На затмении - Владимир Короленко


Короленко Владимир Галактионович

На затмении

Владимир Галактионович Короленко

На затмении

Очерк с натуры

I

Продолжительный пароходный свисток. Я просыпаюсь. За тонкою стенкой парохода вода, кинутая колесом на обратном ходу, плещет, стучит и рокочет. Свисток стонет сквозь этот шум будто издалека, жалобно, протяжно и грустно.

Да, я еду смотреть затмение в Юрьевец.
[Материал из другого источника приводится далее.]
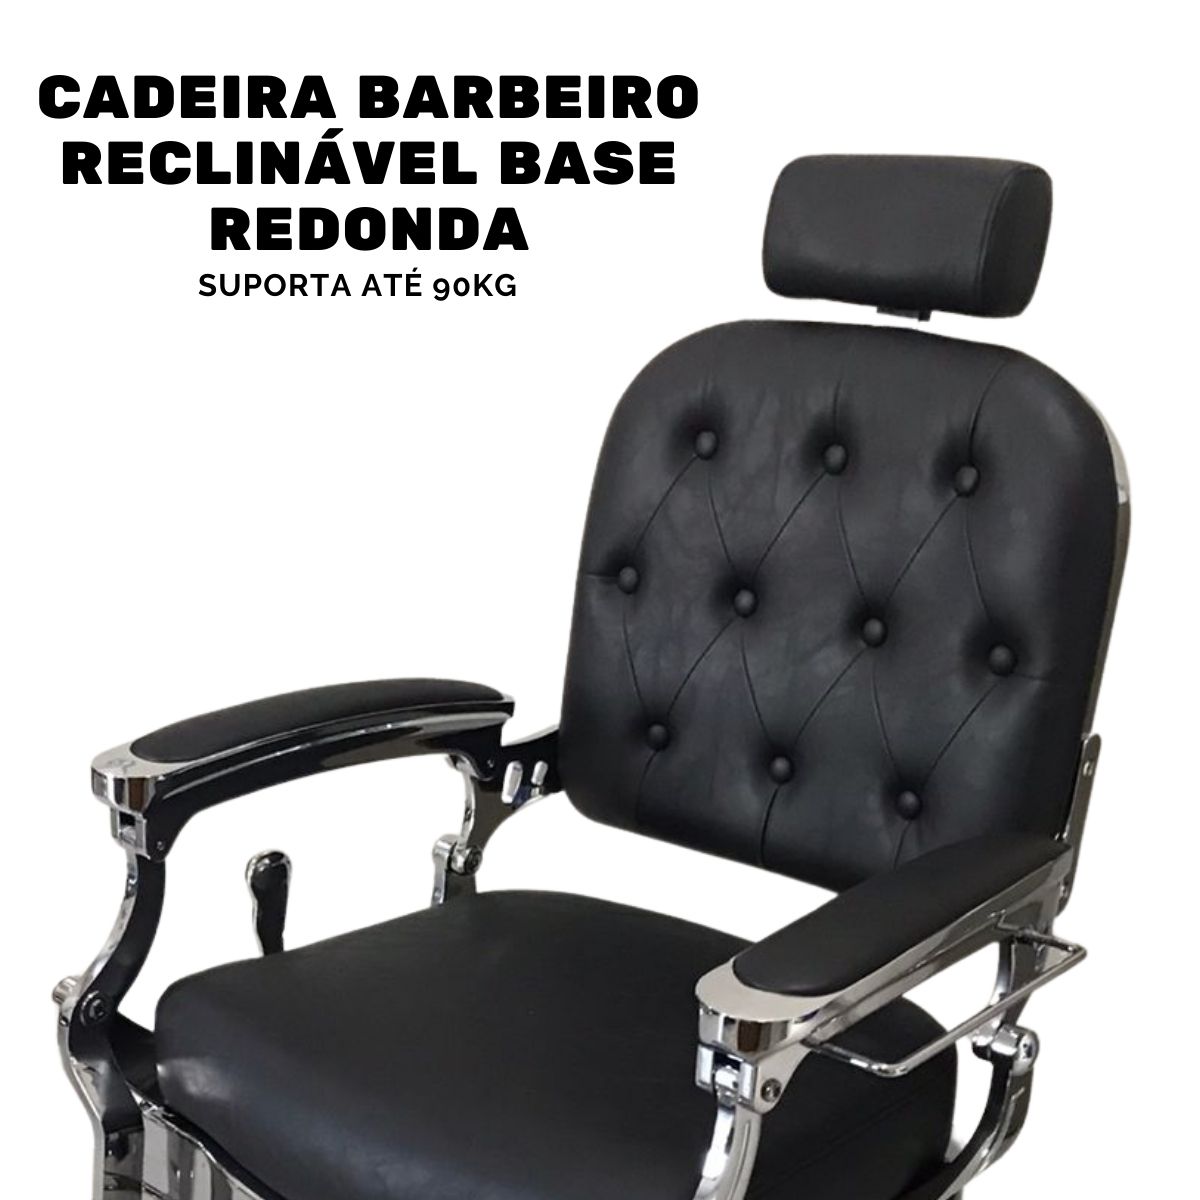 Cadeira Barbeiro Reclinável Base Redonda Preto IWCBRBR003

Пароход должен был прийти туда в два" с половиной часа ночи. Я только недавно заснул, и теперь уж надо вставать. Приходится ждать несколько часов где-нибудь на пустой улице, так как в Юрьевце гостиниц нет.

Какова-то погода? Я гляжу из окна. Пароход уже остановился; волна, разбегаясь от бортов, чуть поблескивает и теряется в темноте. Дальний берег слабо виден во мгле, небо покрыто тучами, в окно веет сыростью, предвестники не особенно благоприятные для наблюдений...
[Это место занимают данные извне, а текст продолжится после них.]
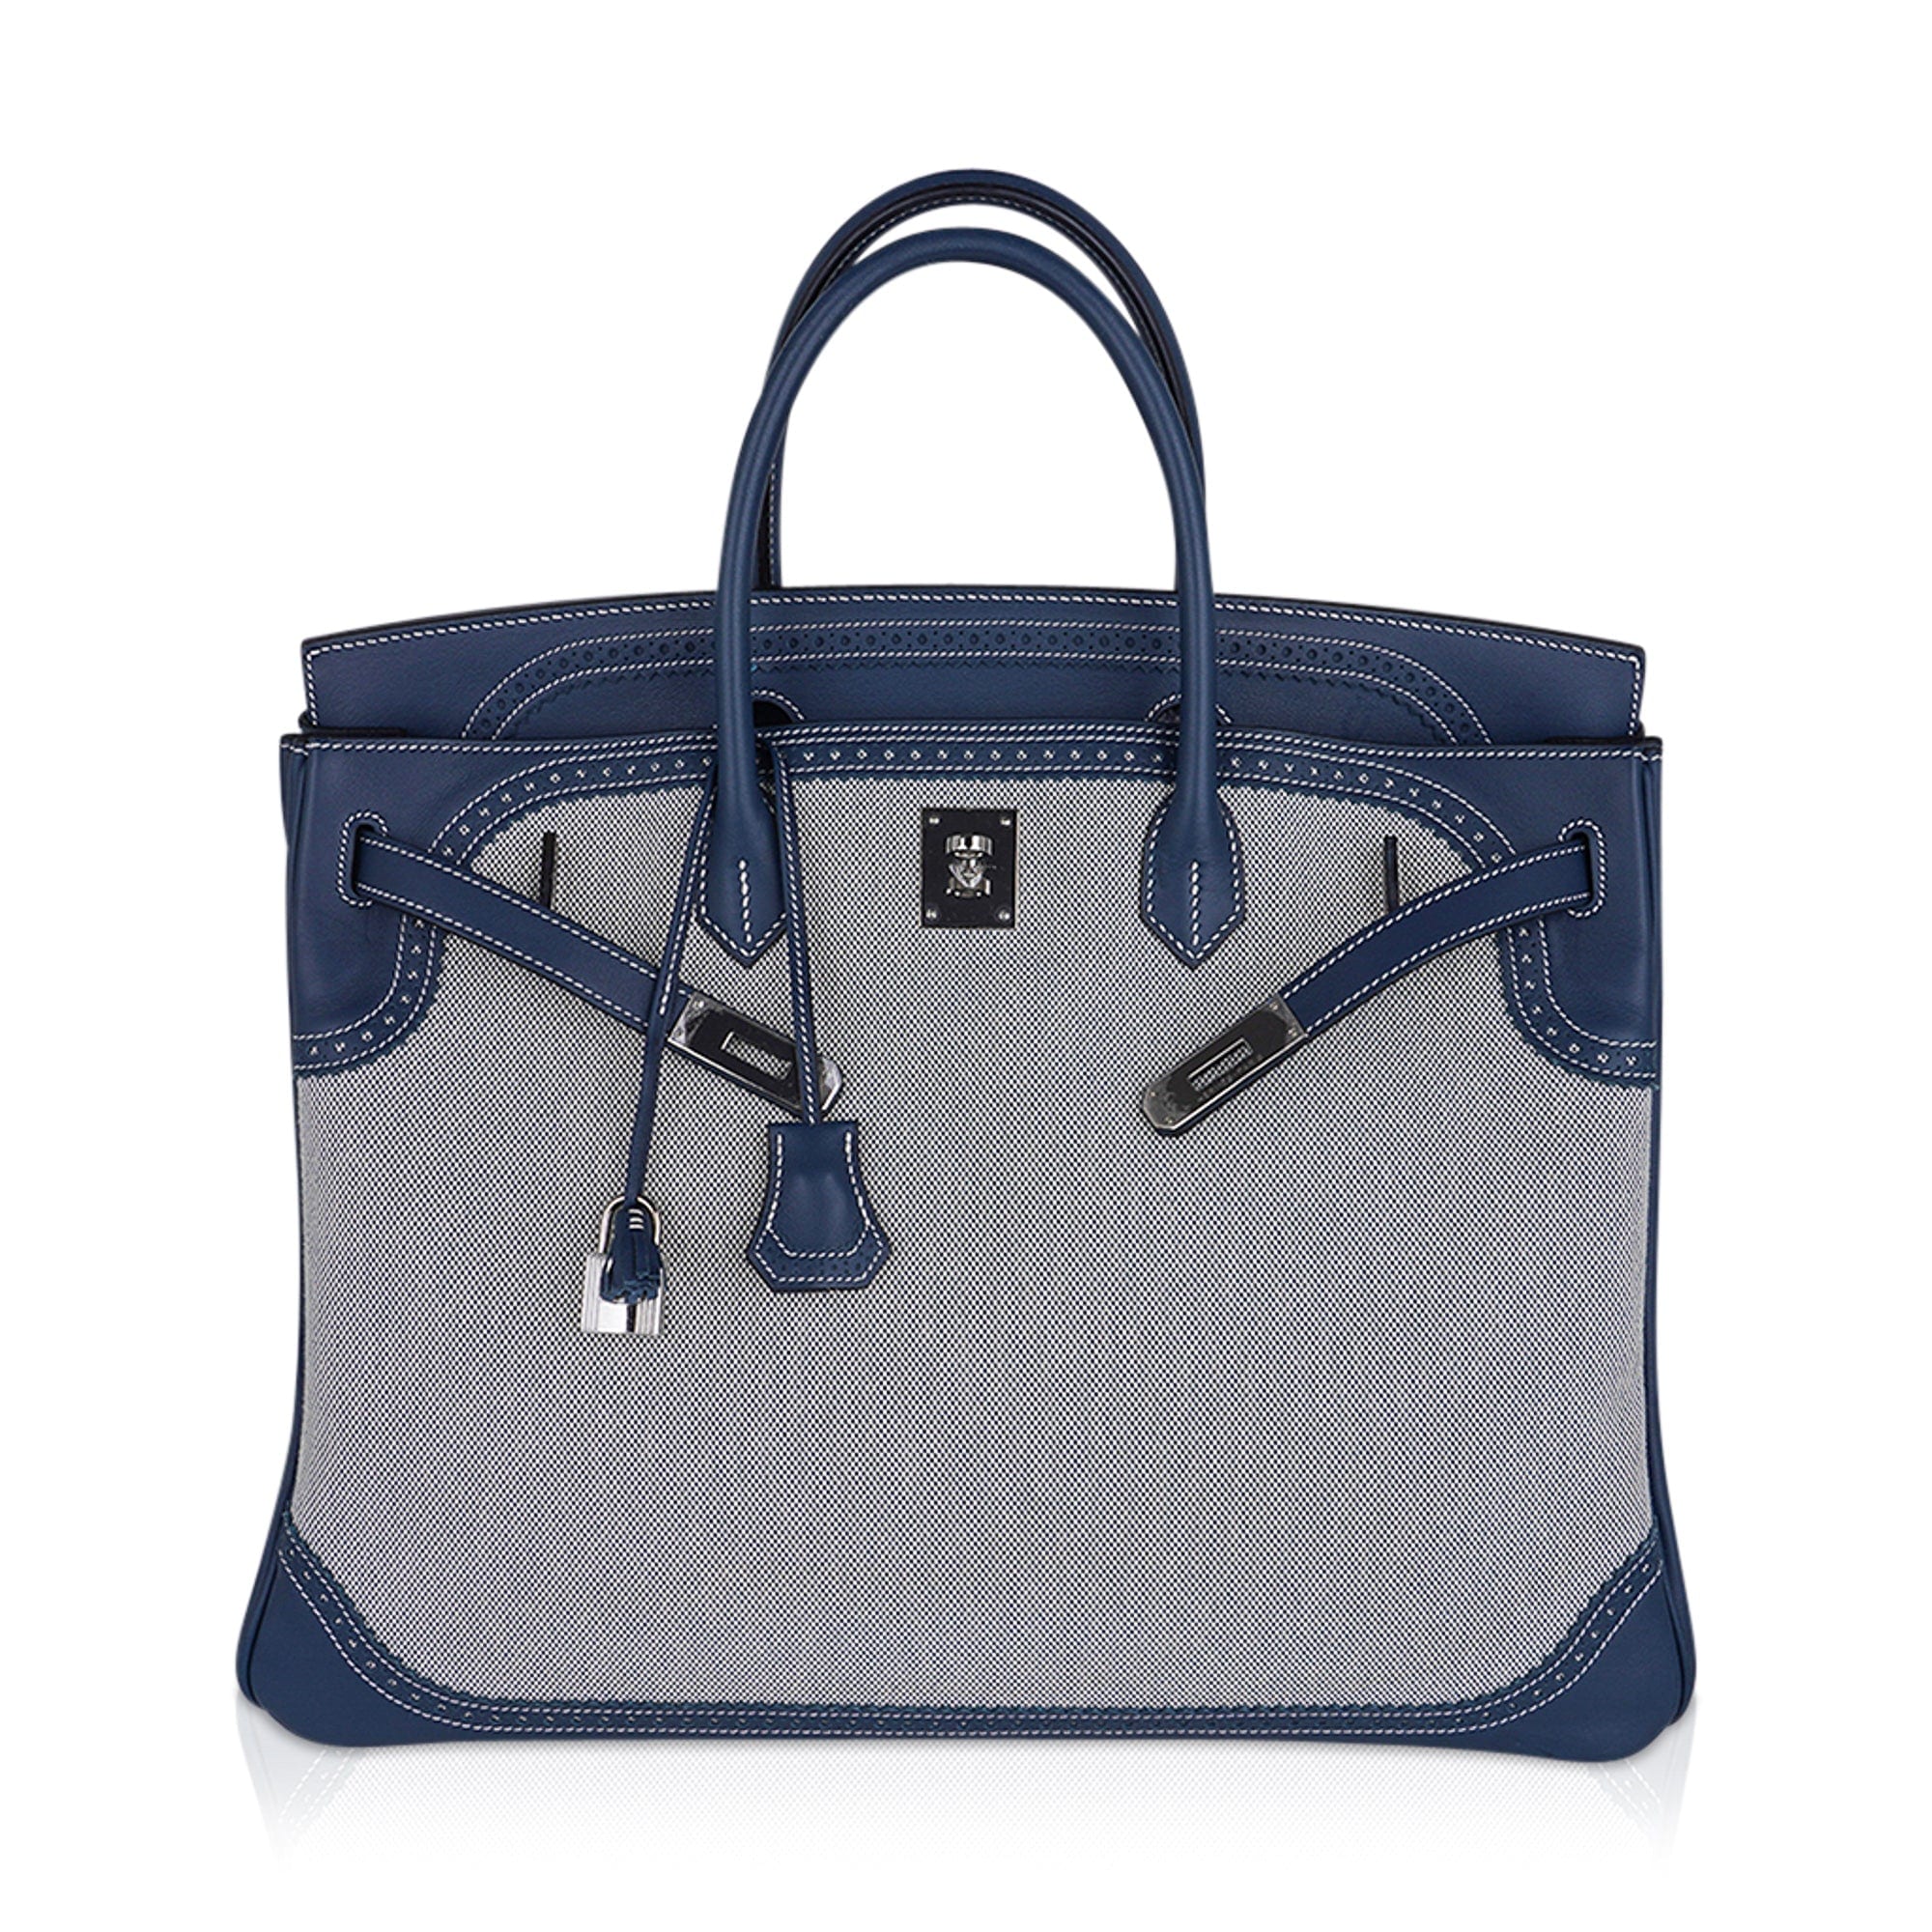 Hermes Birkin Limited Edition 40 Ghillies Bag Blue de Prusse Blue

Кое-кто из пассажиров подымается. Лица сонные и не совсем довольные. Между тем снаружи слышно движение, кинуты чалки на пристань. "Готово!" кричит чей-то сиплый, будто отсыревший и недовольный голос.

Пока я собираюсь, один из пассажиров, по виду мелкий волжский торговец, успел уже сбегать на пристань и вернуться на пароход. Он едет до Рыбинска.
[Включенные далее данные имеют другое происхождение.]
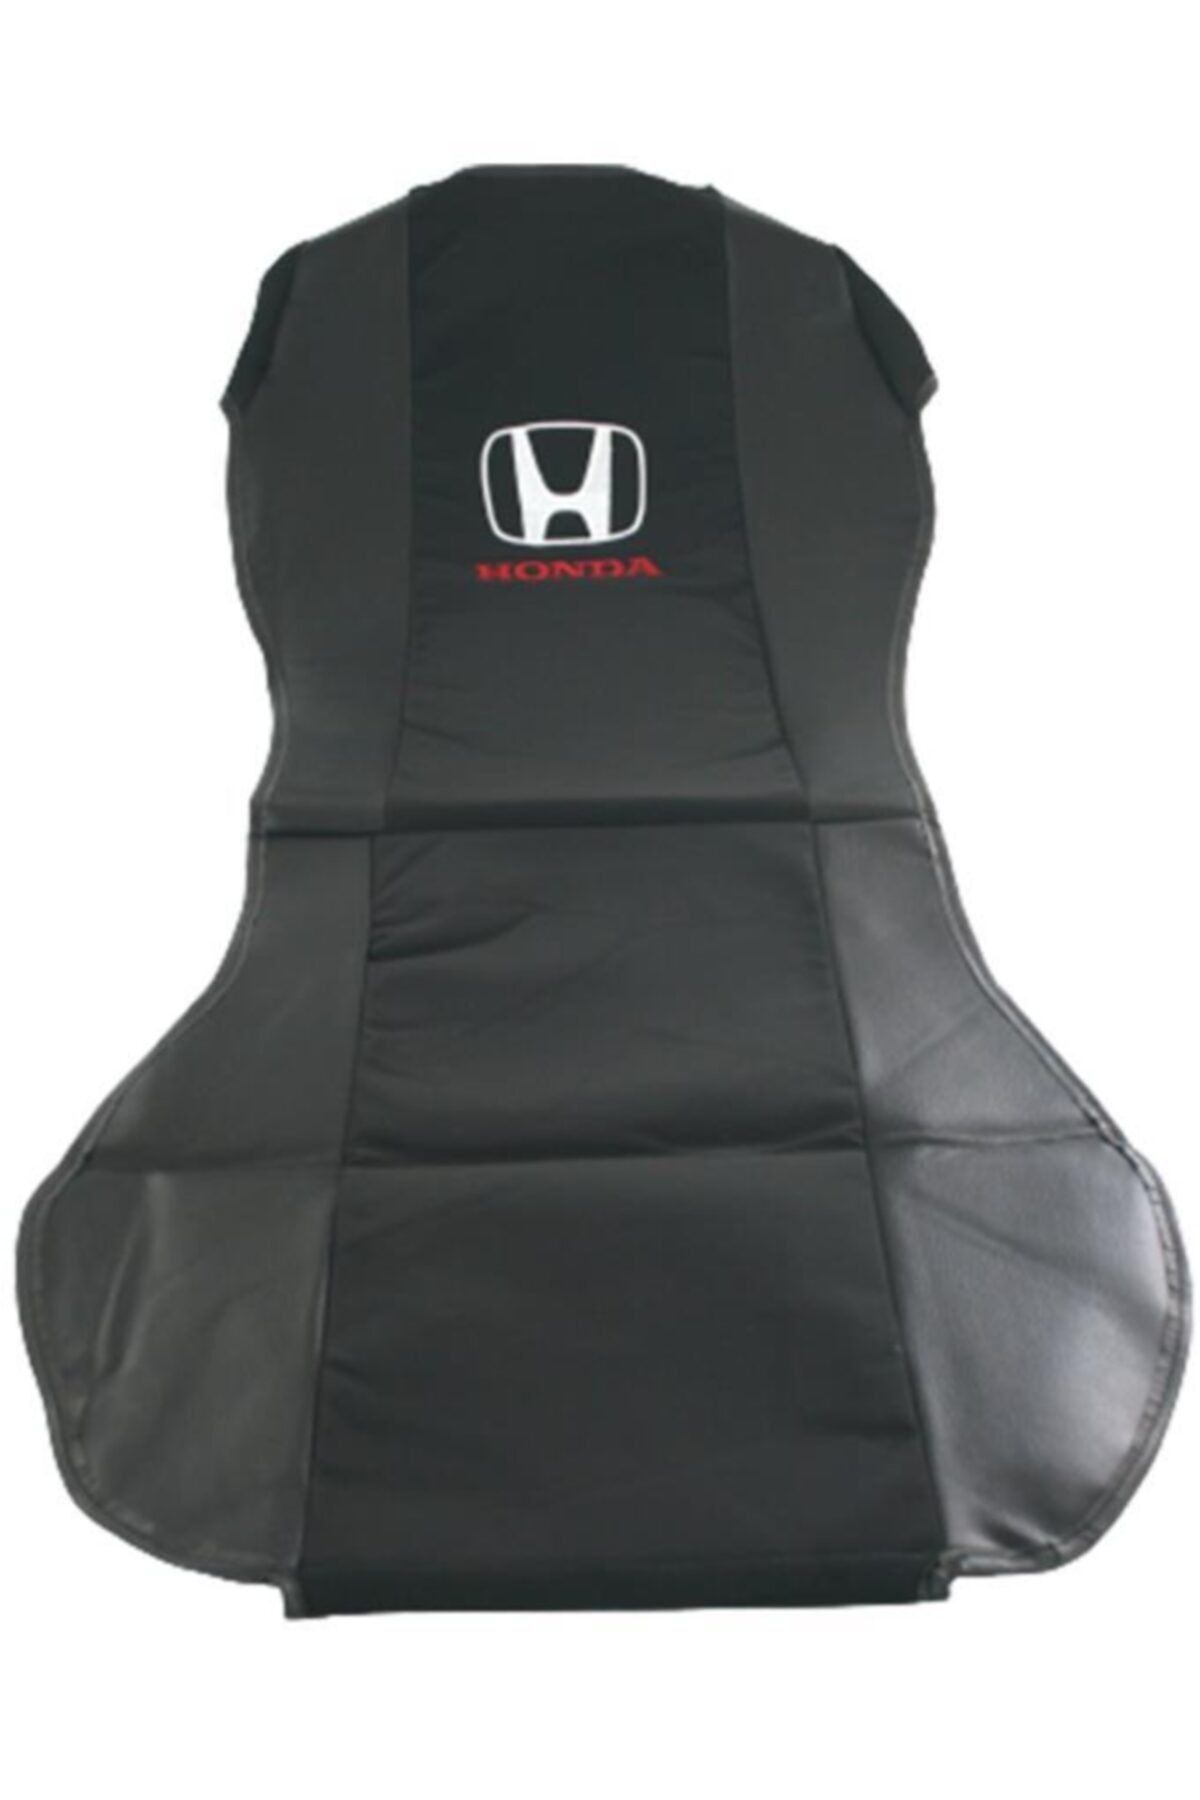 FırsatVar Oto Araç Koltuk Kılıfı Universal Honda Logolu Deri Araç

- Ну, что там? - спрашивает у него товарищ, лежащий на скамье, в бархатном жилете и косоворотке. Оба они не особенно верят в затмение.

- Кто его знает, - отвечает спрошенный, - дождик не дождик, так что-то. А на берегу, слышь, башня видна, и на башне остроум стоит.

- Ну?

- Ей-богу! Поди хоть сам посмотри.

Уж несколько дней в народе ходят толки о затмении и о том, что в Нижний съехались астрономы, которых серая публика зовет то "остроумами", то "астроломами". Слова эти часто слышны теперь на Волге и звучат частью иронически ("Иностранные остроумы! Больше бога знают..."), частью даже враждебно, как будто поднятая ими суета и непонятные приготовления сами по себе могут накликать грозное явление. Вчера с вечера брошюра "О солнечном затмении 7 августа 1887 года" мелькала среди простой публики. В ней объяснялось, что такое затмение и почему удобно наблюдать его, между прочим, из Юрьевца. Но большинство пассажиров третьего, а также значительная часть второго класса относились к ней сдержанно и даже с оттенком холодной вражды.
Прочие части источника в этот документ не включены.